## [WHAT IS REQUIRED]
Number of lines below with the word "design": give it and nothing more.

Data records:
*****

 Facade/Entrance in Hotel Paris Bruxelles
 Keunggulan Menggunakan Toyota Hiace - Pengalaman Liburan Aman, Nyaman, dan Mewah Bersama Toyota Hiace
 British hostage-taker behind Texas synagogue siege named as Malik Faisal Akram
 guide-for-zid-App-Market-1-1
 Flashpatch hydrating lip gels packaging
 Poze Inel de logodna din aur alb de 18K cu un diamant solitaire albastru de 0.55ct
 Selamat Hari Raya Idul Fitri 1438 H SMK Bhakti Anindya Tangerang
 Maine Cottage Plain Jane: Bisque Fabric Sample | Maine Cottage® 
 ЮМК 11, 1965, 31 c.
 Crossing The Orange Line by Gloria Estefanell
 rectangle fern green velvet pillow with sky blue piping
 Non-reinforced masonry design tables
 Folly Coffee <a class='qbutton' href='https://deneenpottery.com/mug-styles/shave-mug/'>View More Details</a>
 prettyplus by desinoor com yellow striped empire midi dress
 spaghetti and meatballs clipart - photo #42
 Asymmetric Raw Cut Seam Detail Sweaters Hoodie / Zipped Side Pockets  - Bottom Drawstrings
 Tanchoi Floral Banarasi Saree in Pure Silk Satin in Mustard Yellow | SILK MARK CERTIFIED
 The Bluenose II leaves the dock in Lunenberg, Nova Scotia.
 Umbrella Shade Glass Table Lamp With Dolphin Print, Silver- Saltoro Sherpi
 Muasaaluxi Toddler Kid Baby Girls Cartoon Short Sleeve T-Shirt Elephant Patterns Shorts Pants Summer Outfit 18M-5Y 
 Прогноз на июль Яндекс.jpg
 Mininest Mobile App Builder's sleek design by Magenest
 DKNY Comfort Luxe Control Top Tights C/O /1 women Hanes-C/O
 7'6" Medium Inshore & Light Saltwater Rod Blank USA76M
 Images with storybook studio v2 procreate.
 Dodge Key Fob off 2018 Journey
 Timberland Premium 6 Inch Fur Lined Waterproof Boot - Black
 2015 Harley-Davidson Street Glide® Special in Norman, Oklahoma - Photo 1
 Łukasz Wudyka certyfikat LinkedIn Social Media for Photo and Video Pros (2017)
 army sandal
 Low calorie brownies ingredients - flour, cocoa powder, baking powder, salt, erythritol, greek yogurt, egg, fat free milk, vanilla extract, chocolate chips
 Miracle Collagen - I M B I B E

*****

## [SOLUTION]
2